Tuesday 7 August 2012

Apache Logging to MongoDB Using a Named Pipe

Following on from the last article on remote logging where I collected all the logs into one place, I wanted to be able to query them -so that I can ask questions like "which pages take longer than  5 seconds to produce", 'how many of our redirects fail?" and the like.

I believe that there are already MySQL modules for rsyslogd, but I had written a script in Python to interpret logs and put them into MongoDB, so I wanted to use that.

The obvious solution to join the two programs together seemed to be to used a named pipe, a vaery basic type of interprocess communictation where one program chucks bits down the pipe and the other pulls them out.

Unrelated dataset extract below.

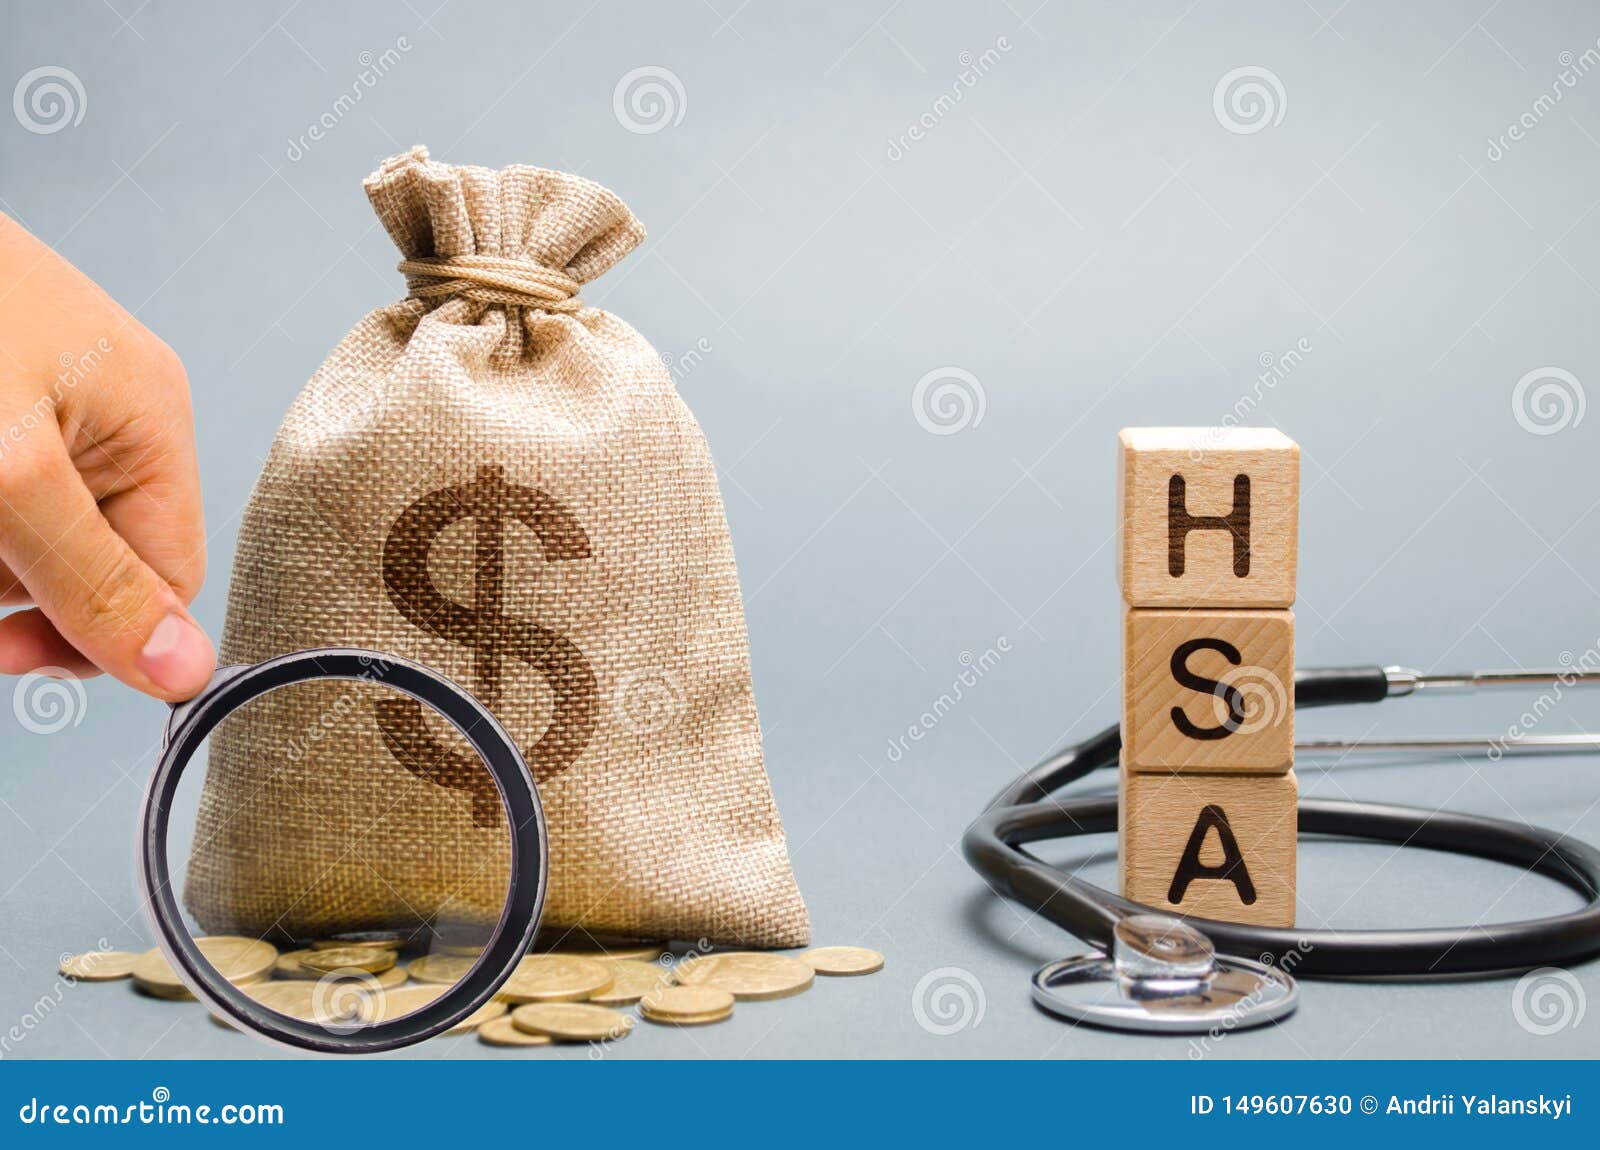 wooden blocks with the word hsa and money bag with stethoscope. health savings account. health care. health insurance. investments

Chucking them in is easy enough, firsty create your pipe with mkfifo , then  just change the line is the rsyslog server config from :

:programname, isequal, "apache2" /var/log/oneGiantHeapOfLogs.log
to
:programname, isequal, "apache2" |/tmp/logger_pipe



Reading from the pipe was pretty easy too as this Python snippet shows :

#Open the pipe
in_pipe = open(sys.argv[1], "r")
#Loop forever
while True :
  try:
    line = in_pipe.readline()[:-1]    #Supposedly makes this blocking
    if len(line) == 0 :                       #Happens in test
      time.sleep(5)
      continue


In short, open the pipe, loop forever reading lines. We want this to keep going so the program is wrapped in an exception handler to catch any log parsing errors.

Having got the input to the program it's just a problem or parsing that input -we can take a look at that in another post.